_Your assignment:_ Reproduce only what runs from the line containing "Elephant deep in water Stock Photo" to the line containing "新入荷 Jackery ポータブル電源" in the records below, inclusive. Keep it exact, and keep the pictures out.

_Information shown:_
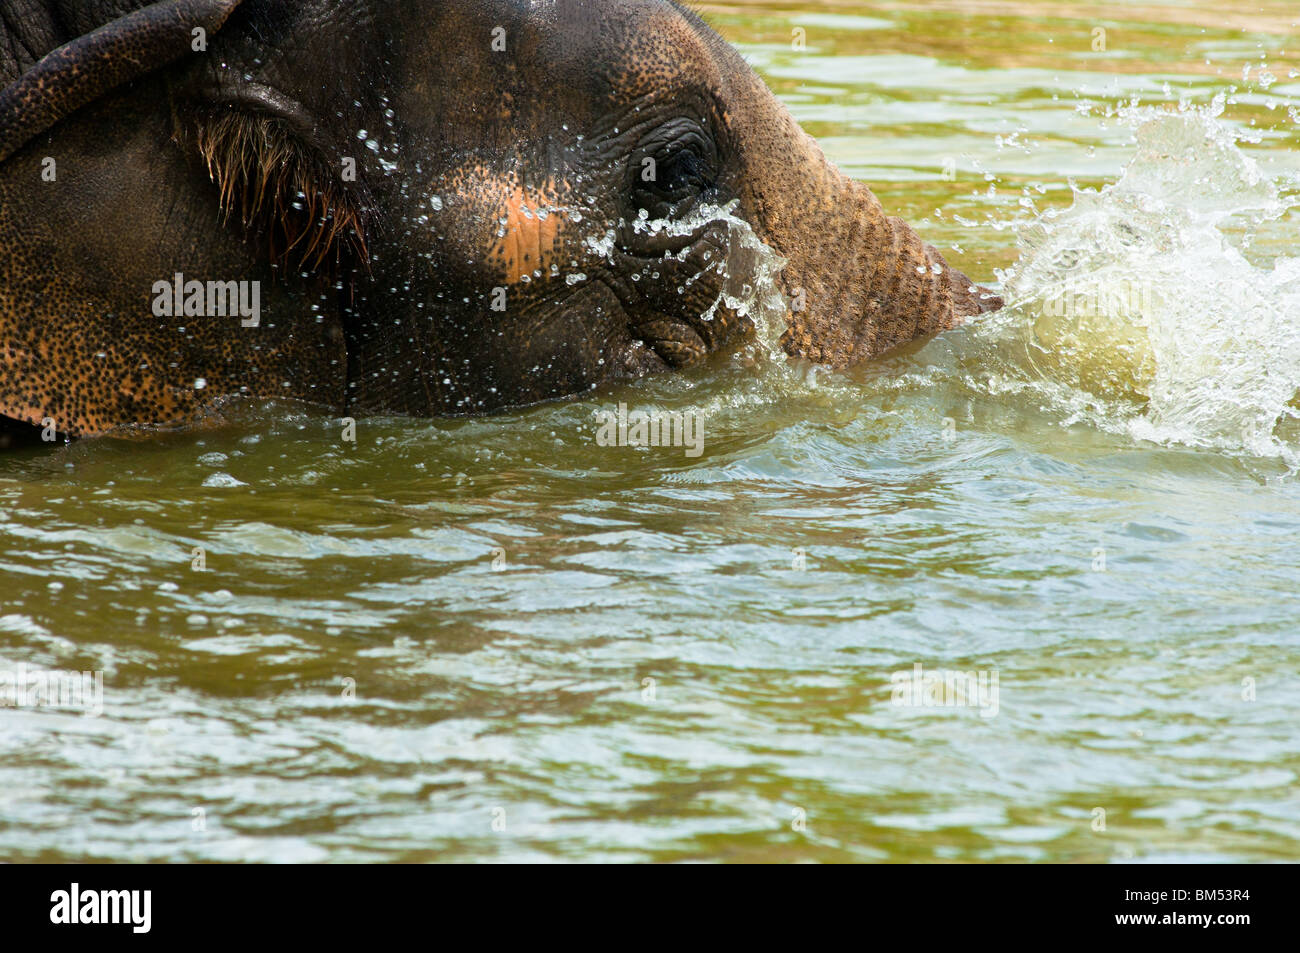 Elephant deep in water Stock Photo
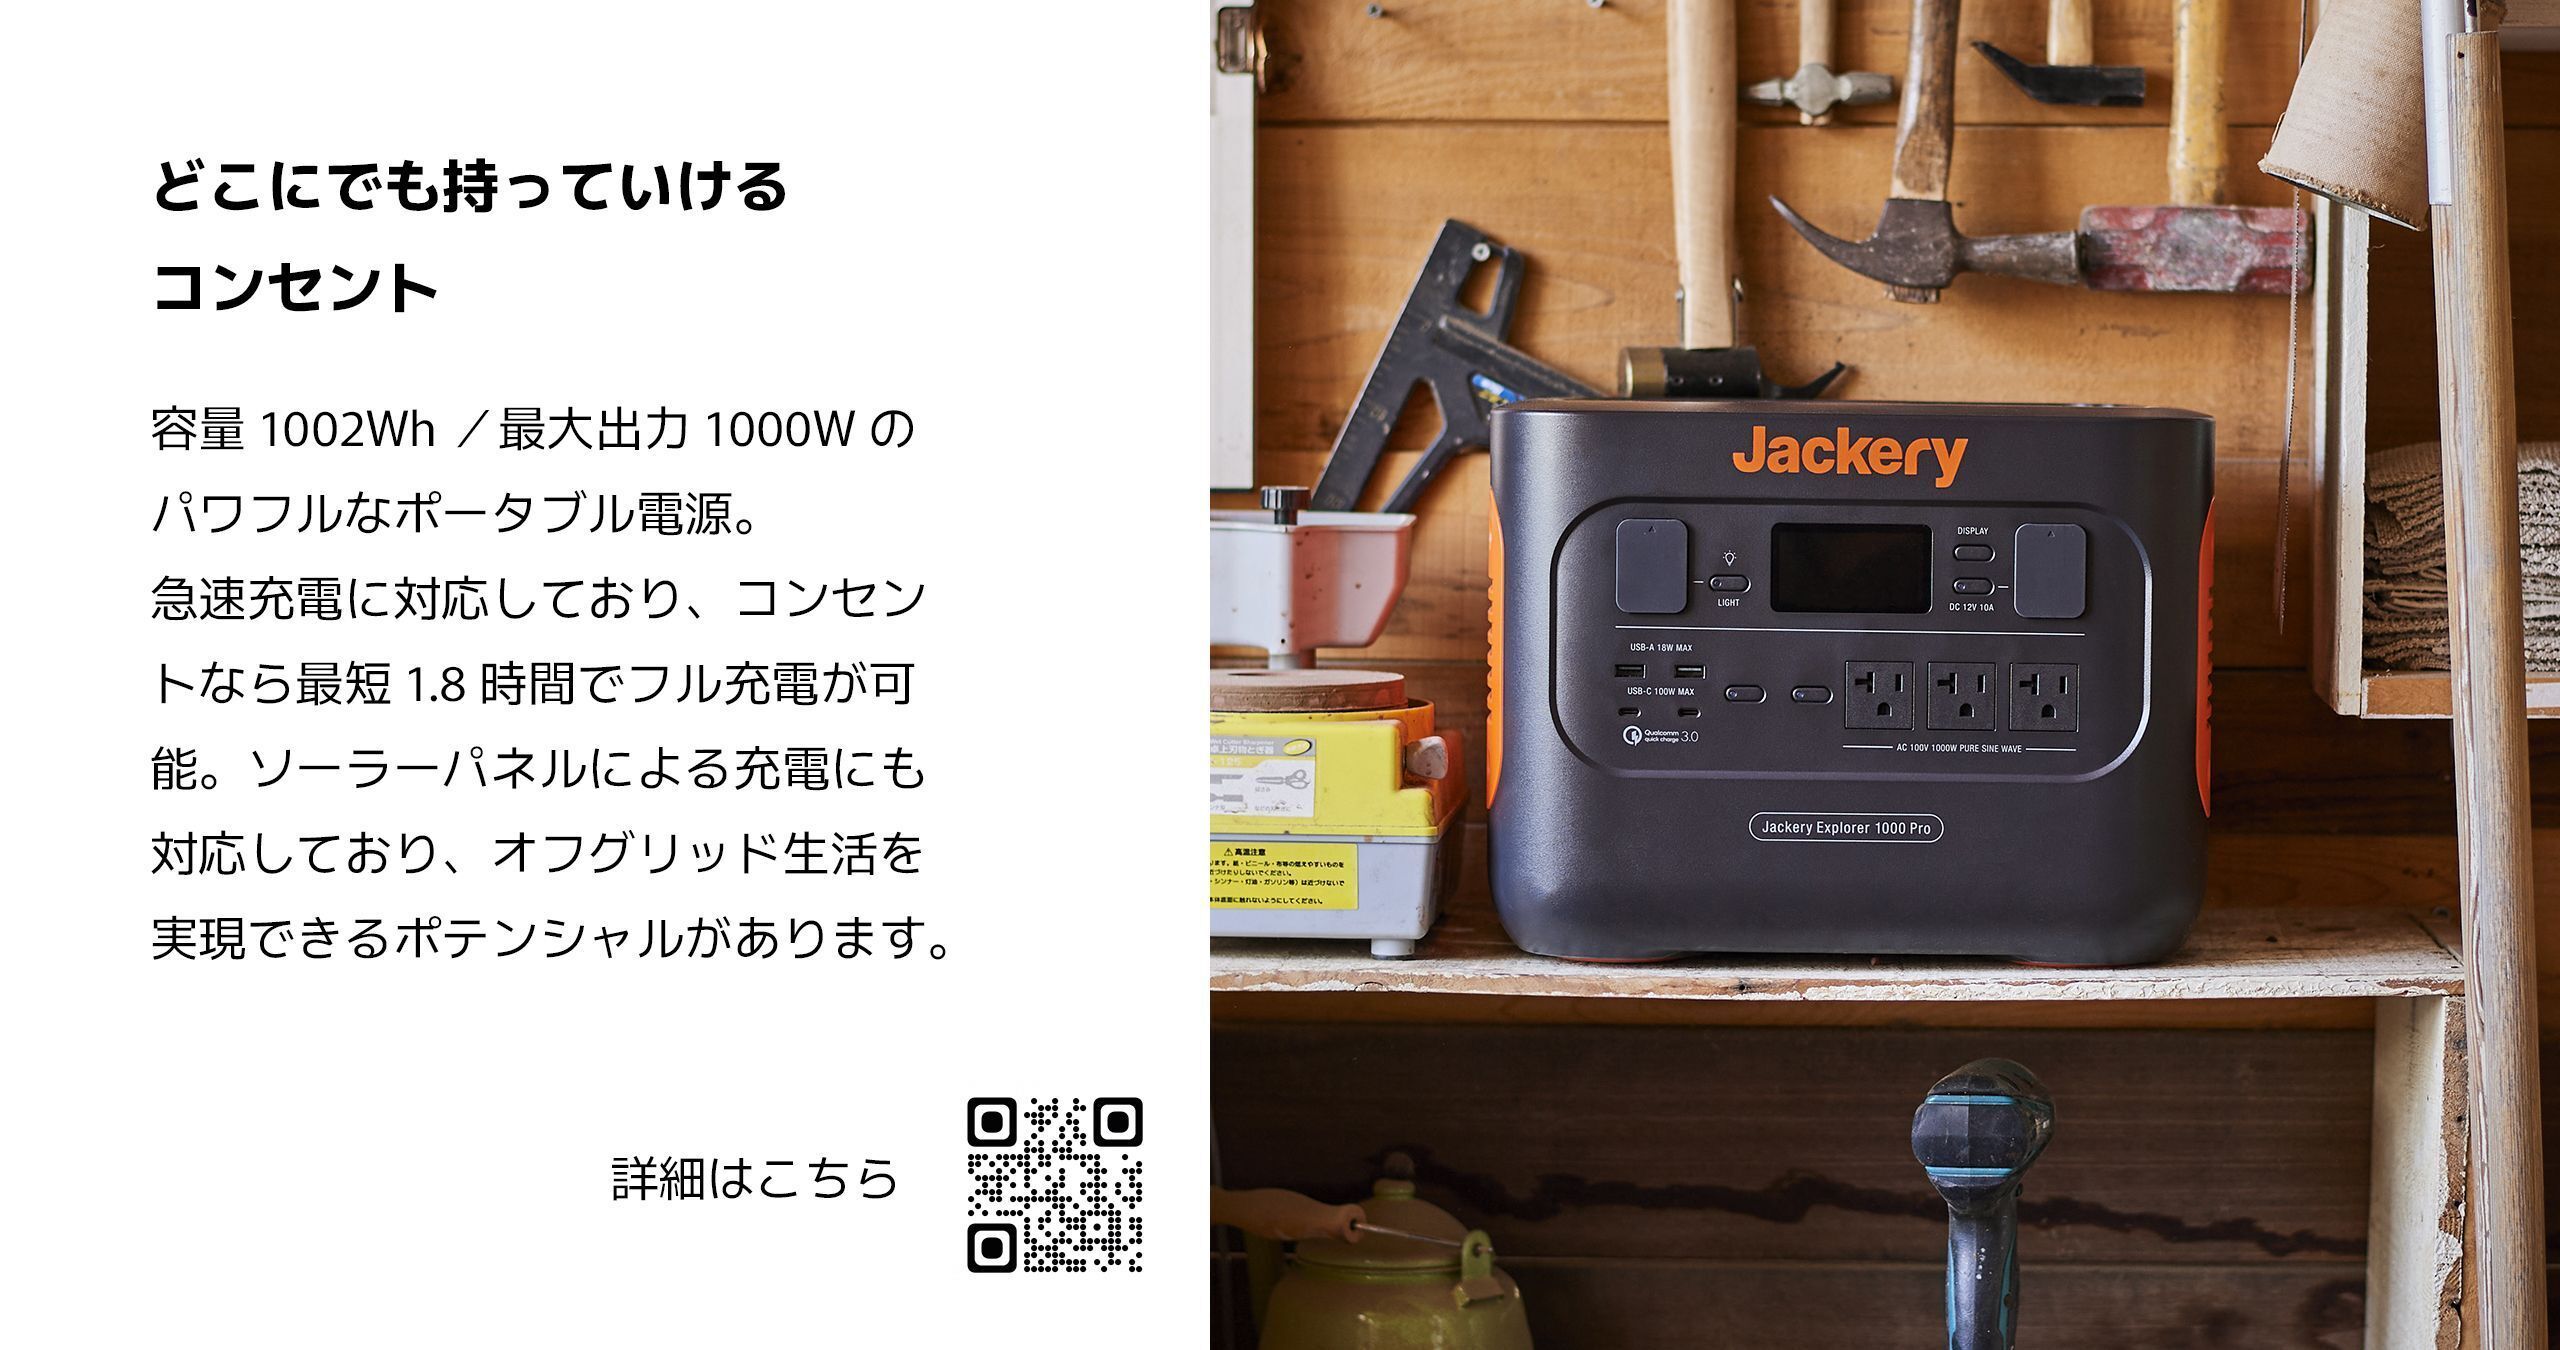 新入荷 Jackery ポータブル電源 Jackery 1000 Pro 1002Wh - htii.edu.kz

* * *

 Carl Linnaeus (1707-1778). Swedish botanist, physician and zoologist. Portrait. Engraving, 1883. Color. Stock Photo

_Solution to the exercise:_
 Elephant deep in water Stock Photo
 新入荷 Jackery ポータブル電源 Jackery 1000 Pro 1002Wh - htii.edu.kz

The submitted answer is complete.